2   How old was June when her parents realized she was left-handed?


3   How was she stopped from using her left hand to write with before she started school?


4   What two reasons does June give for people not being allowed to be left-handed in the past?


5   Which hand does June use to write with now?


6   What percentage of people in the world is left-handed?


Answer & Audioscript

suggested answers:

2   15 months old

3   It was tied behind her back

4   It had been considered unlucky or culturally unacceptable

5   her left (one)

6   (about) 10%


Narrator:   Listen to June talking about her experience of learning to write.

June:   It’s interesting how things change with time. These days, in the U.K., writing with your left hand isn’t something to be embarrassed or ashamed of. It’s not a habit that people generally try to get you to change nowadays, but, at the time when I was born, it was. I don’t remember the look on my parents’ faces the first time I picked up a pencil and used my left hand. I was only eighteen months old at the time, no—actually, I remember Mom saying I was fifteen months old. But I do remember that, until I started school, I was made to write with my right hand, and that my left one used to be tied behind my back so I wouldn’t use it. As you can imagine, it didn’t feel natural for me to use my right hand, so my writing was terrible. You could hardly read it! Fortunately, by the time I started school, attitudes had changed, and people were allowed to be left-handed. It was no longer considered to be unlucky or culturally unacceptable.
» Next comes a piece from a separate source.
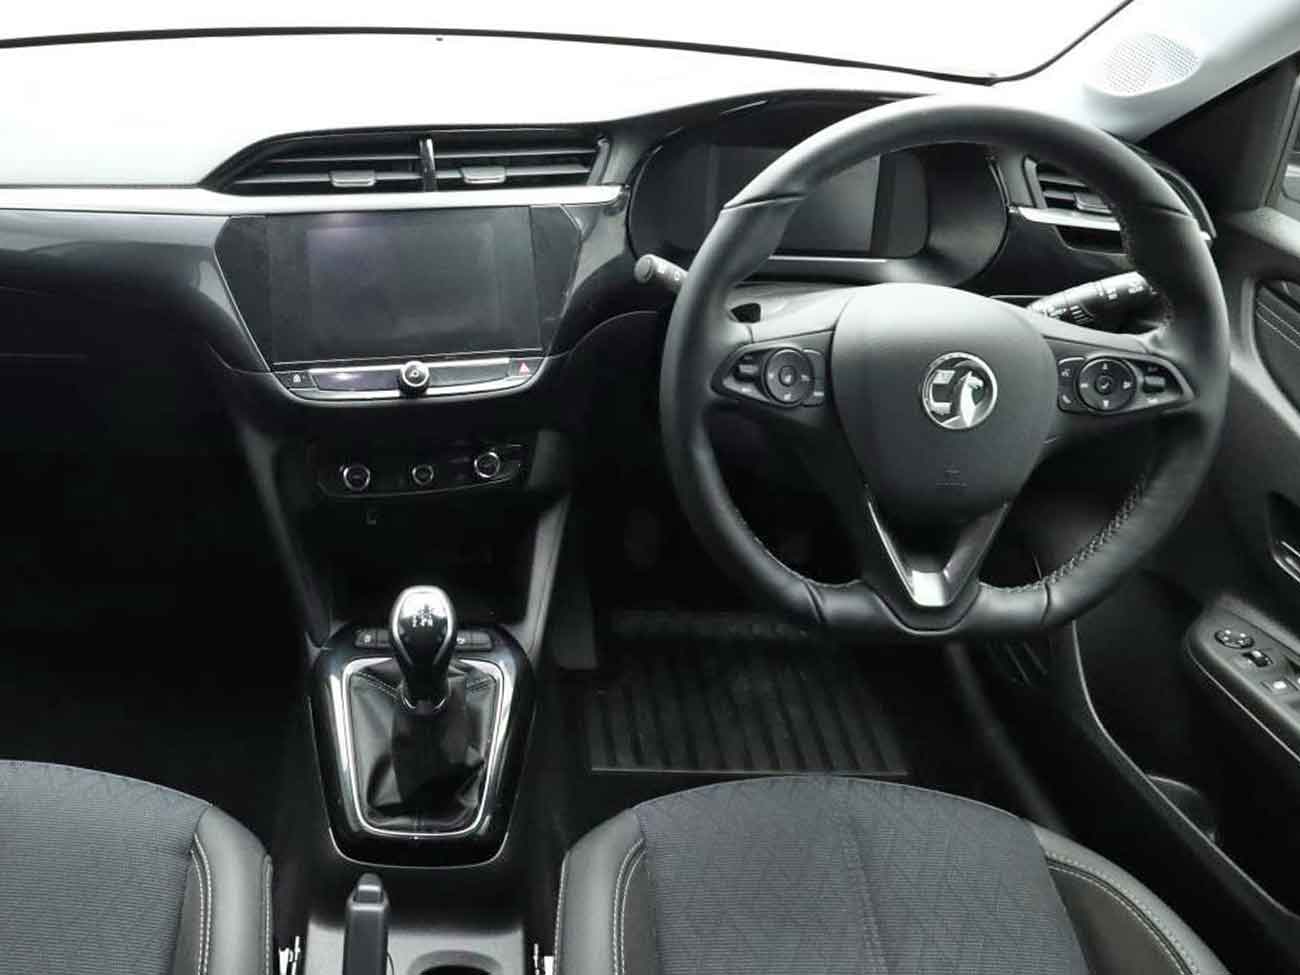 Interior view of Vauxhall Corsa
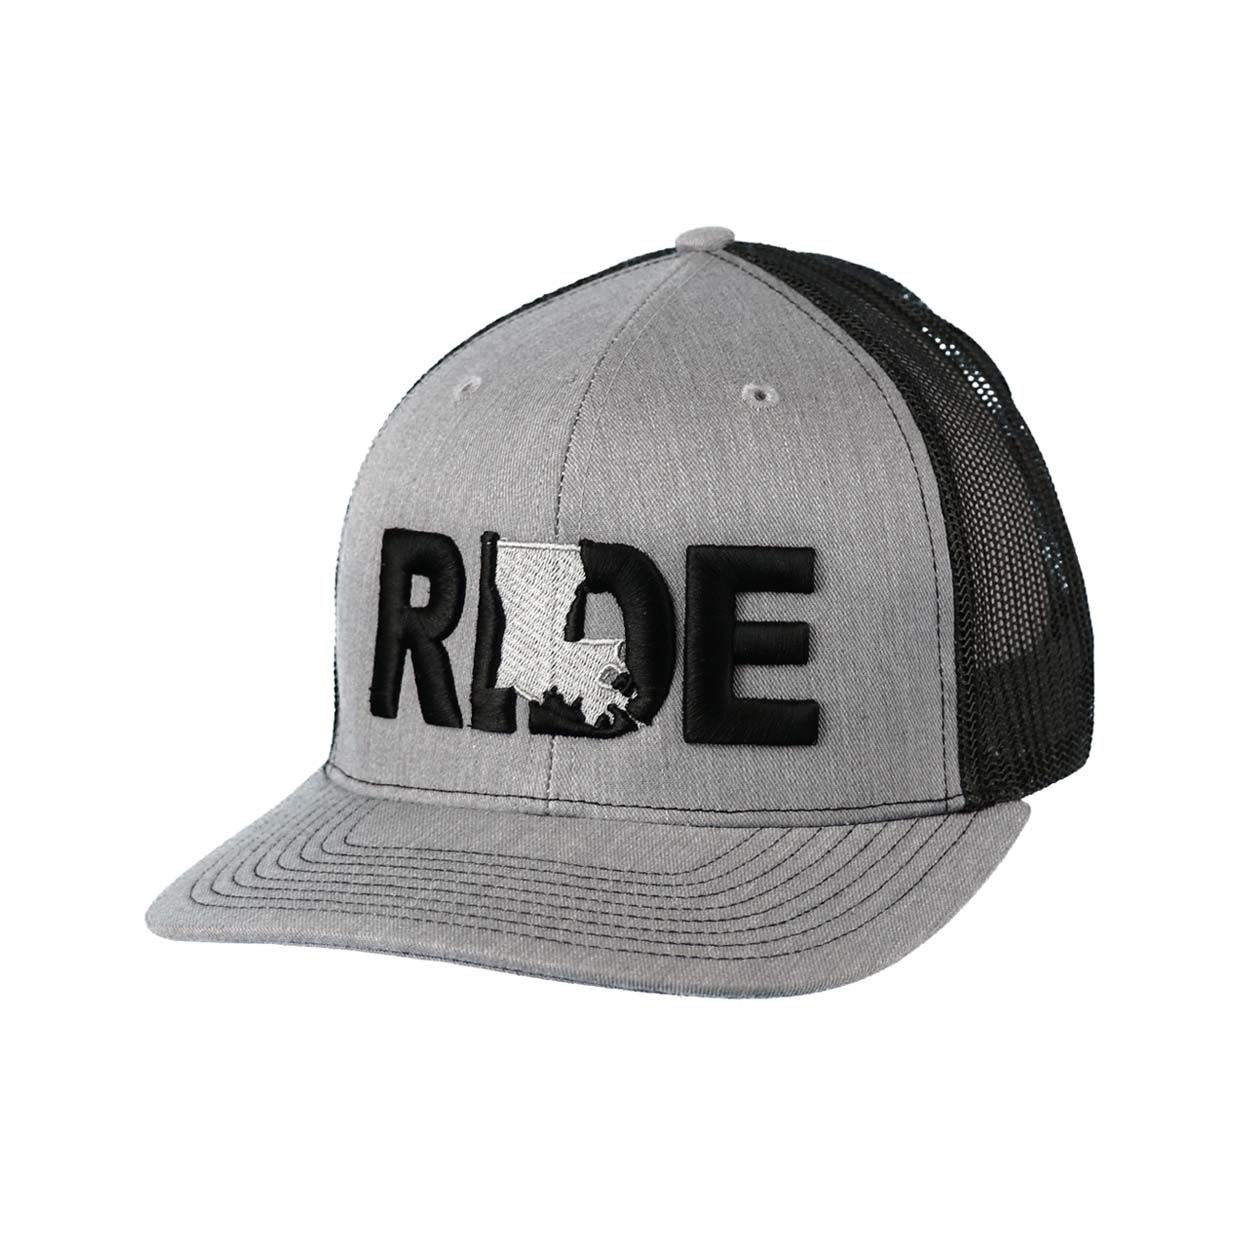 Ride Louisiana Classic Pro 3D Puff Embroidered Snapback Trucker Hat Heather Gray/Black

      As soon I as could, I started learning how to write with my left hand again. It felt a lot more natural to me, and my writing became so much neater. I still think it’s pretty strange that, in some places in the world, being left-handed is considered a bad thing.

      I think I read somewhere that twenty percent—no, I have that wrong, it was about ten percent of the world’s population is left-handed!